DATA PROVIDED:

┌──

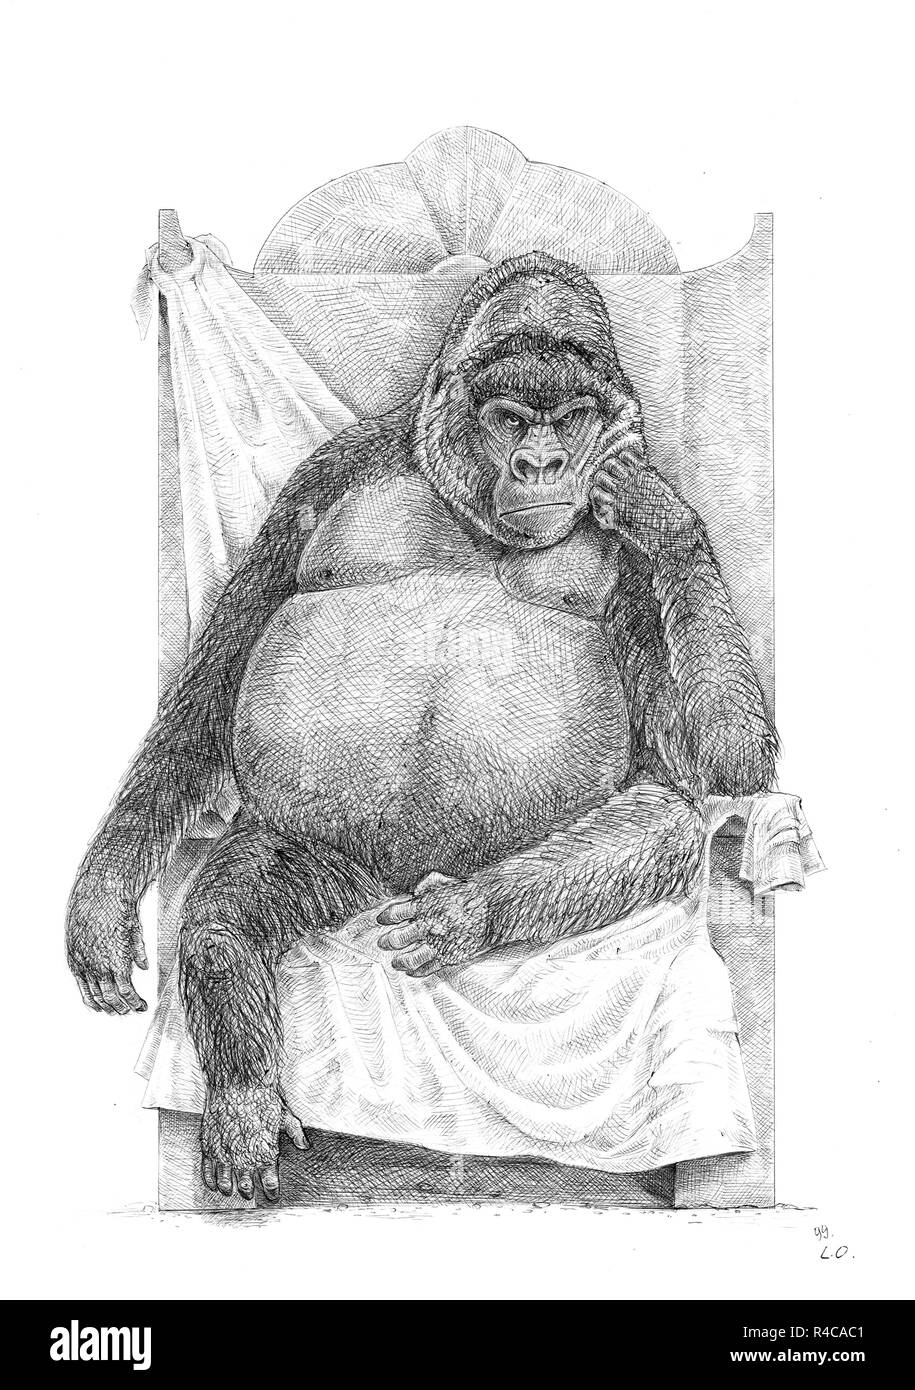 Gorilla king. Big ape drawing. Stock Photo
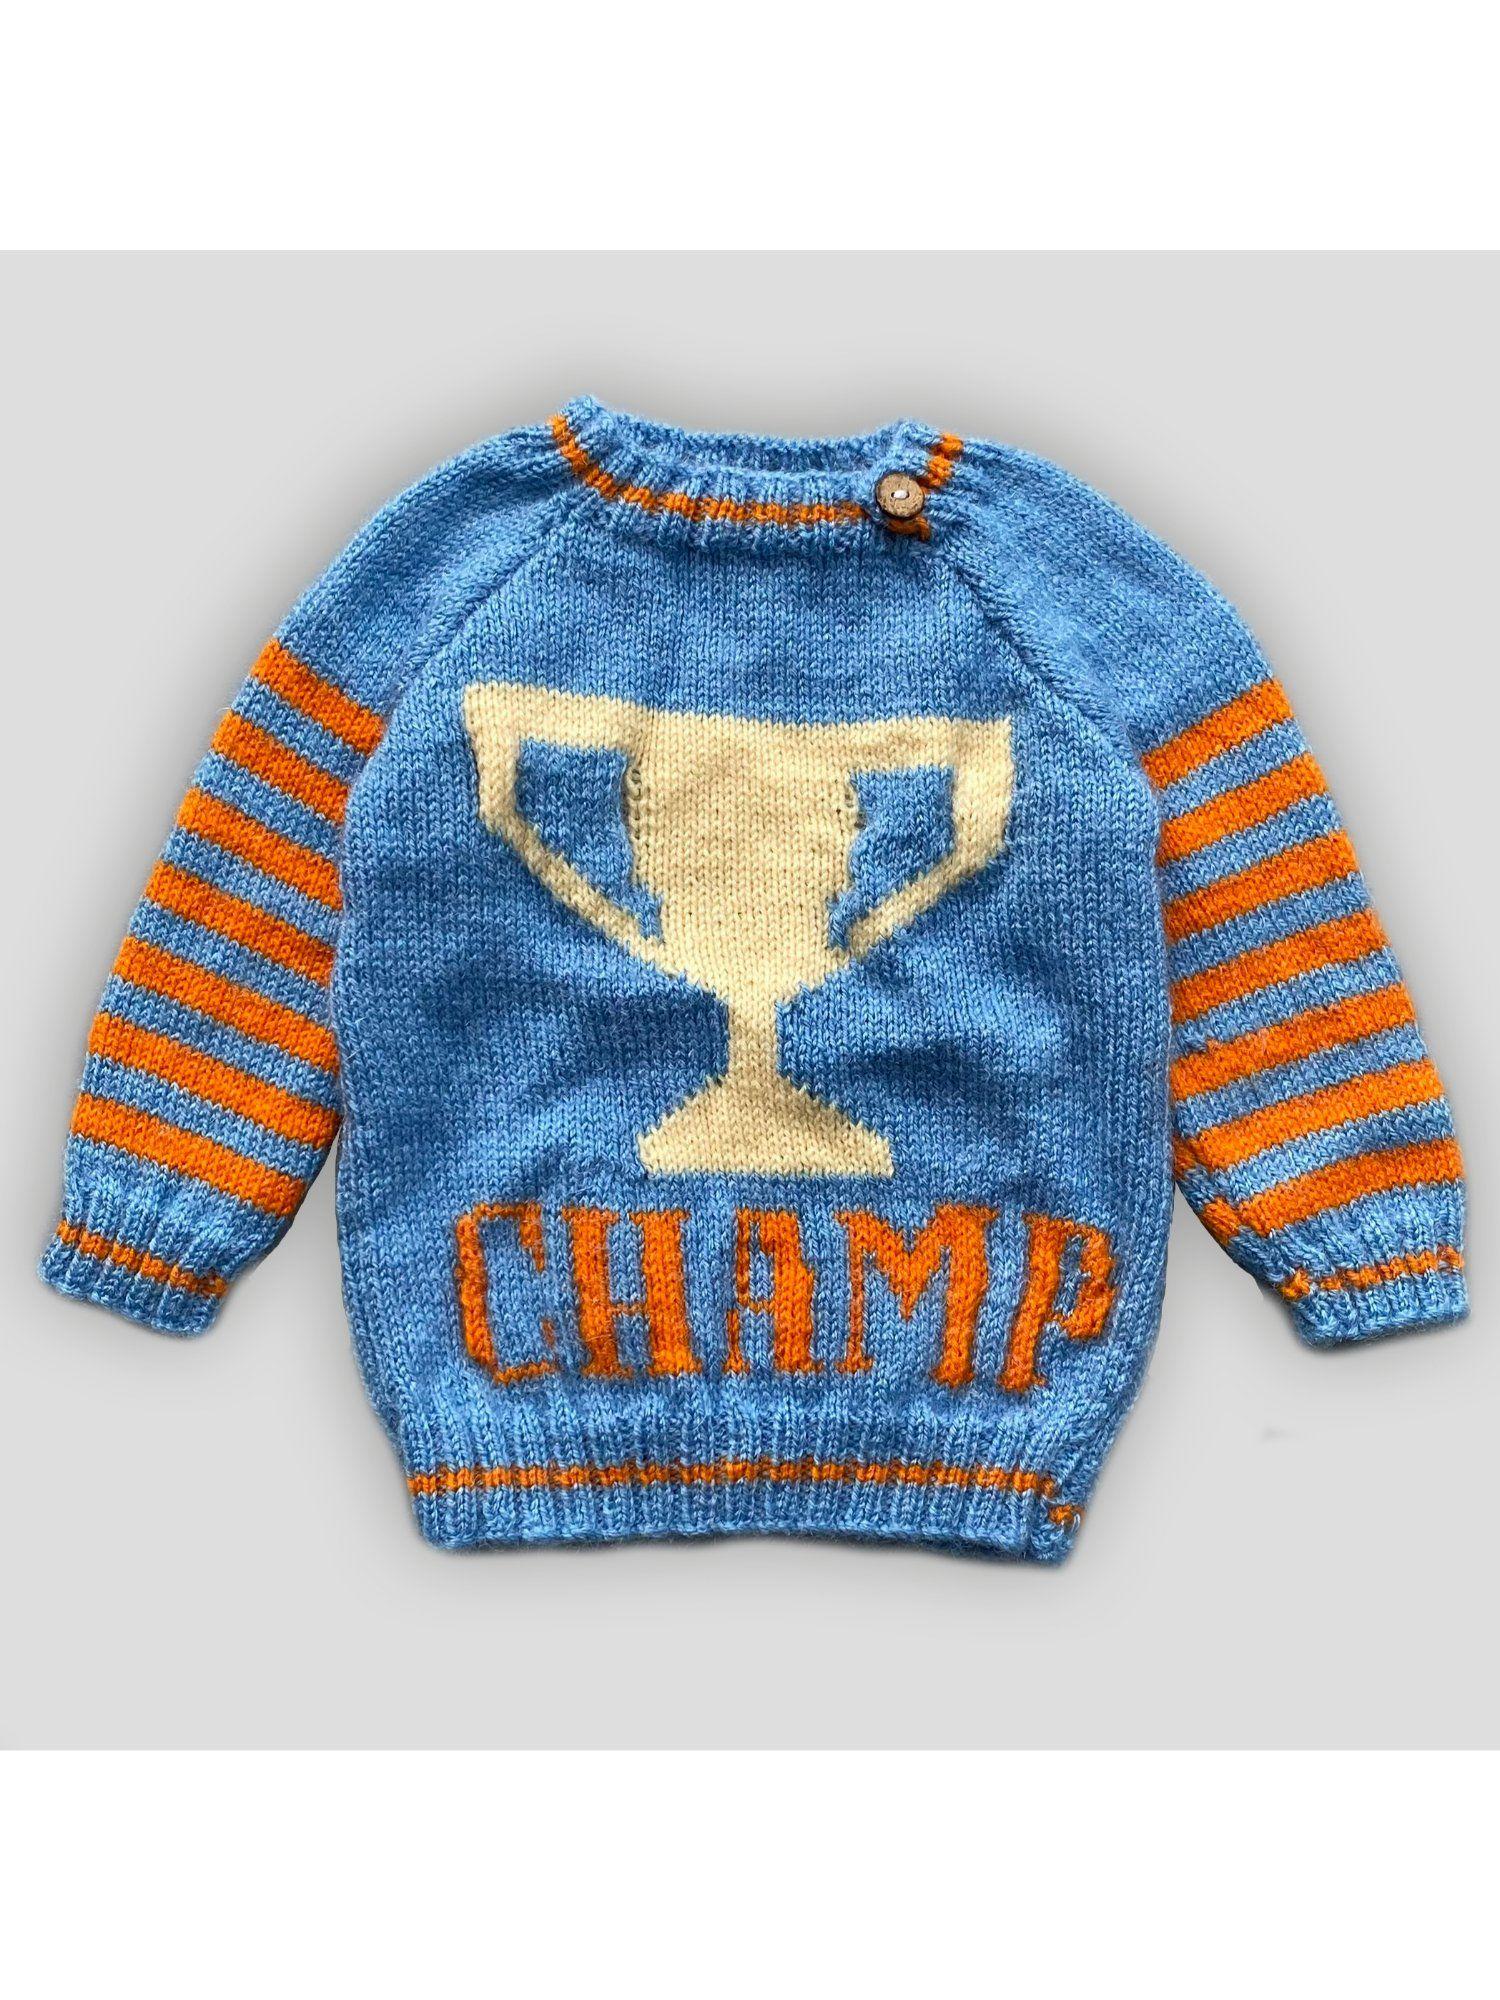 handmade champ trophy full sleeves sweater - blue
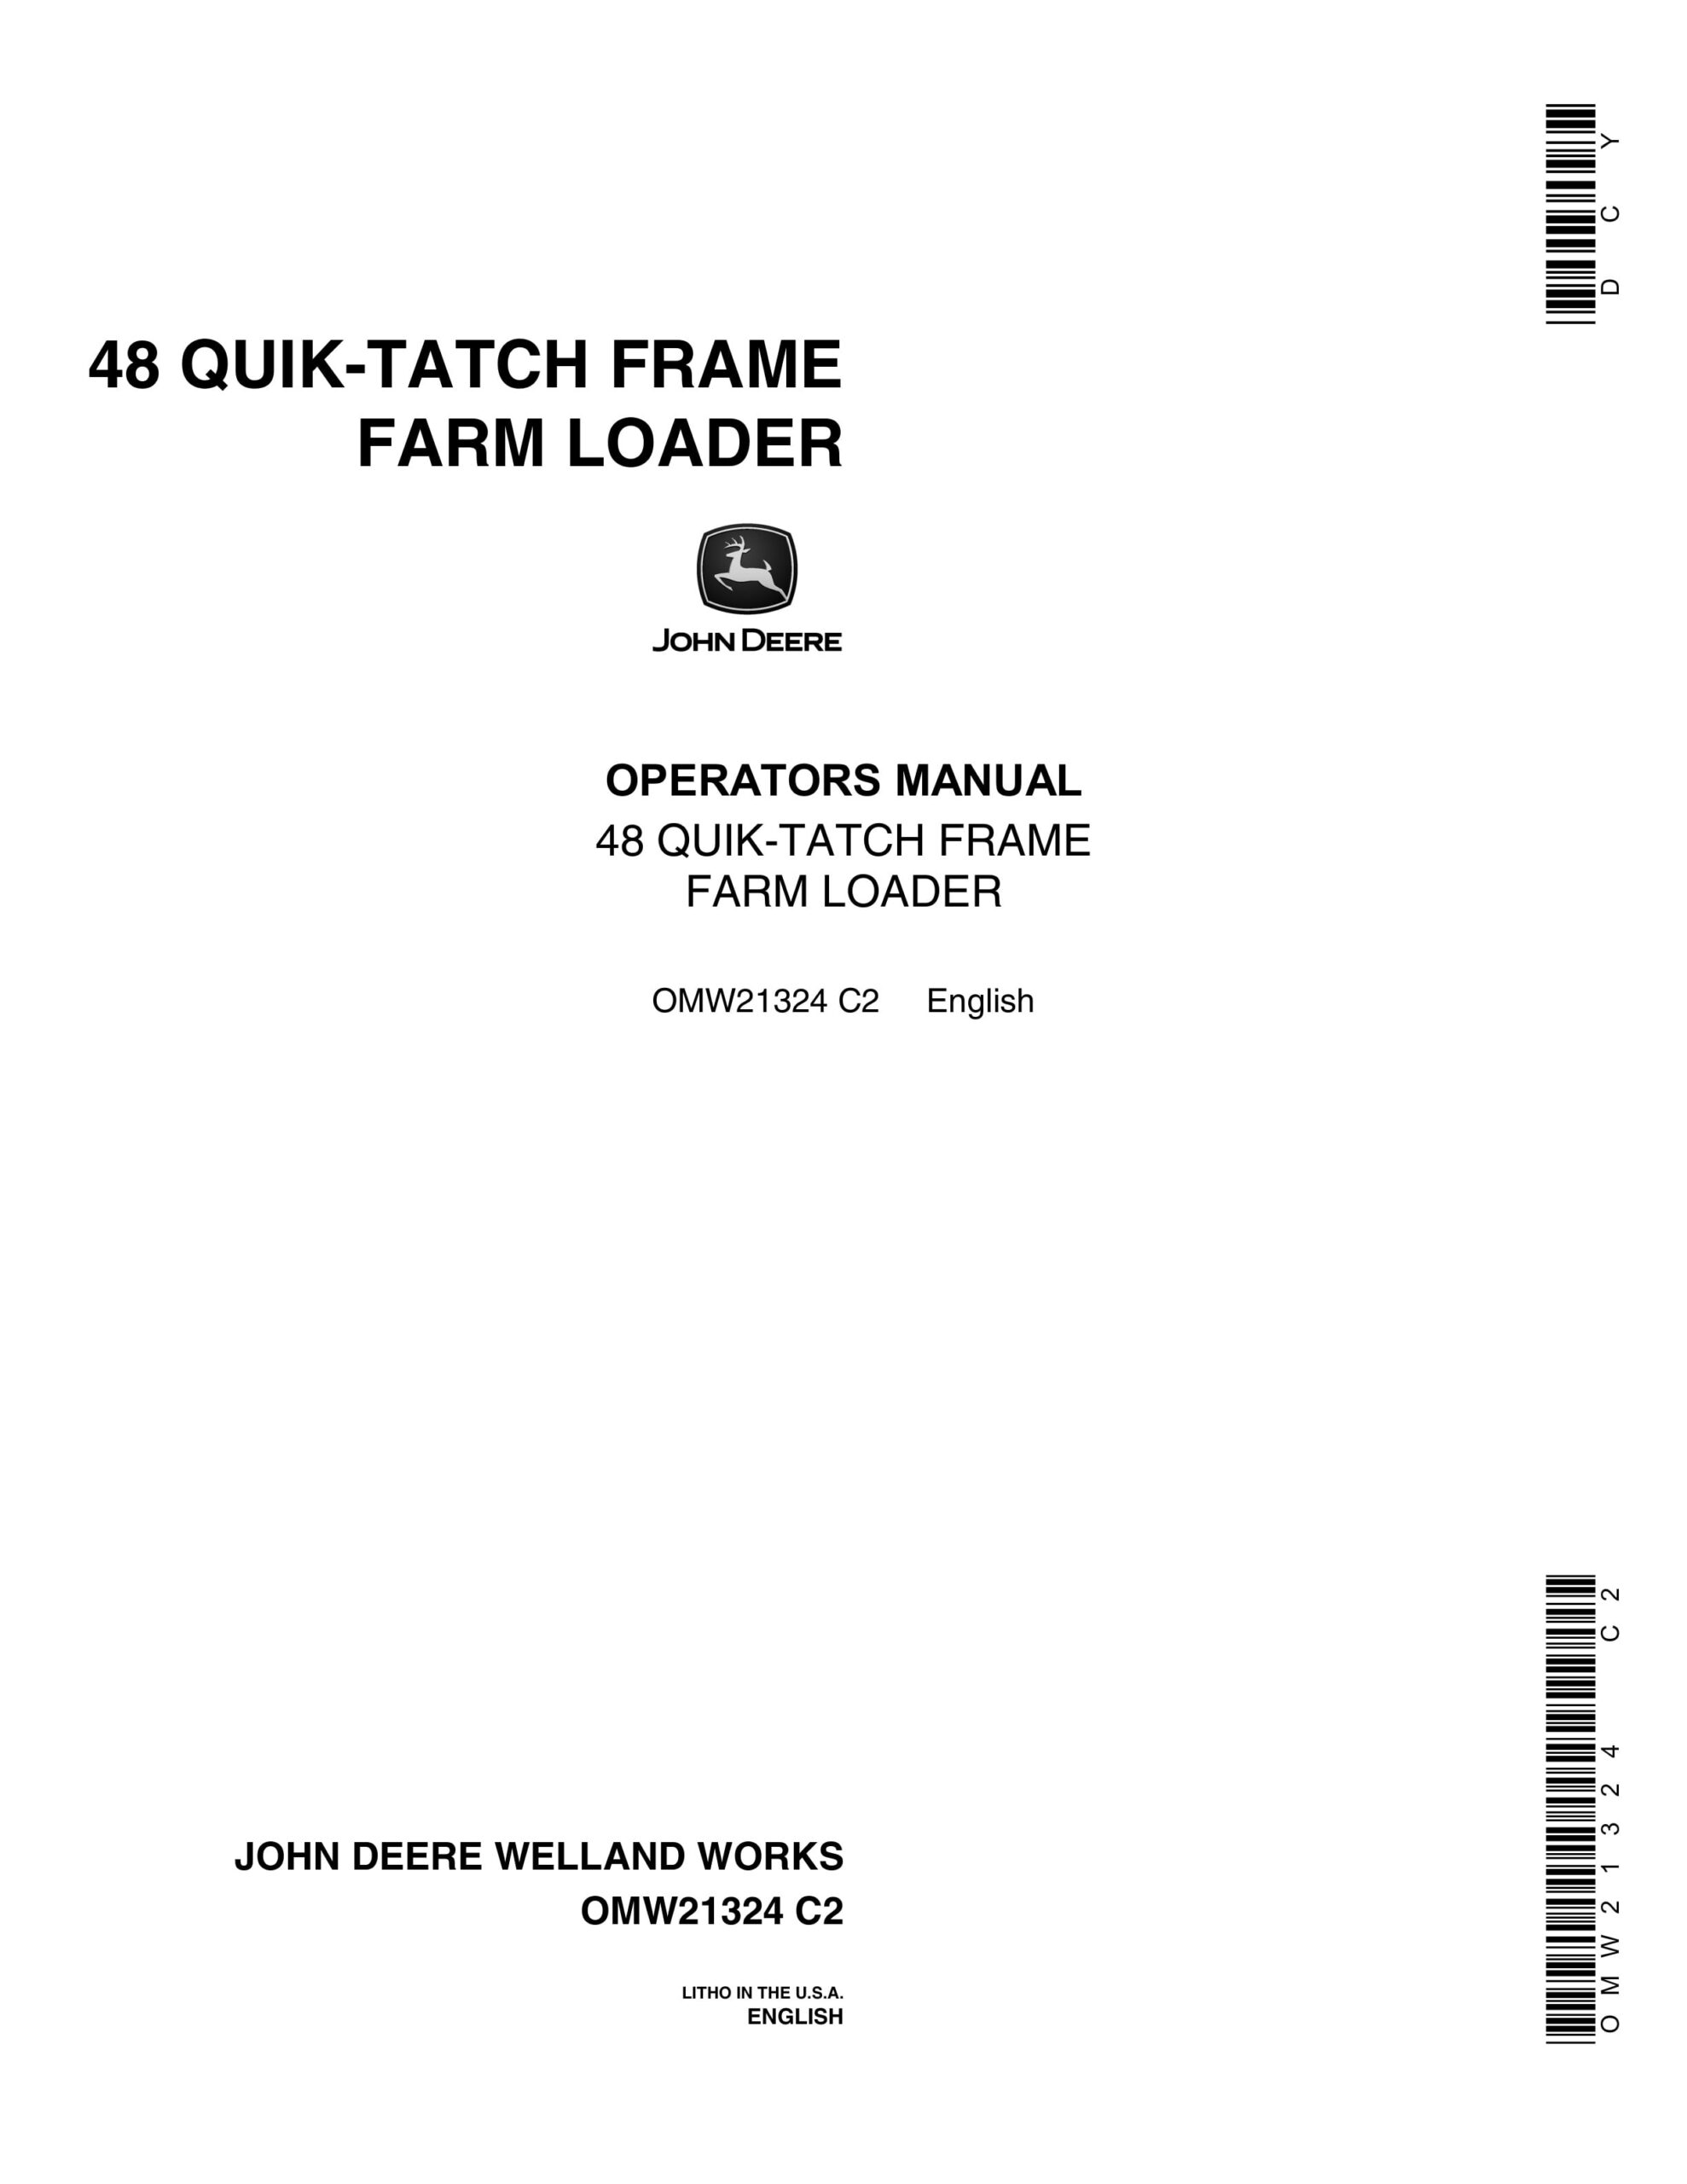 John Deere 48 QUIK-TATCH FRAME FARM LOADERS Operator Manual OMW21324-1

└──

THE TASK:
Your answer must be the lines from the one containing "handmade champ trophy" through the last line of the listing above, restated word for word, with no pictures.

ANSWER TO THE PROBLEM:
 handmade champ trophy full sleeves sweater - blue
 John Deere 48 QUIK-TATCH FRAME FARM LOADERS Operator Manual OMW21324-1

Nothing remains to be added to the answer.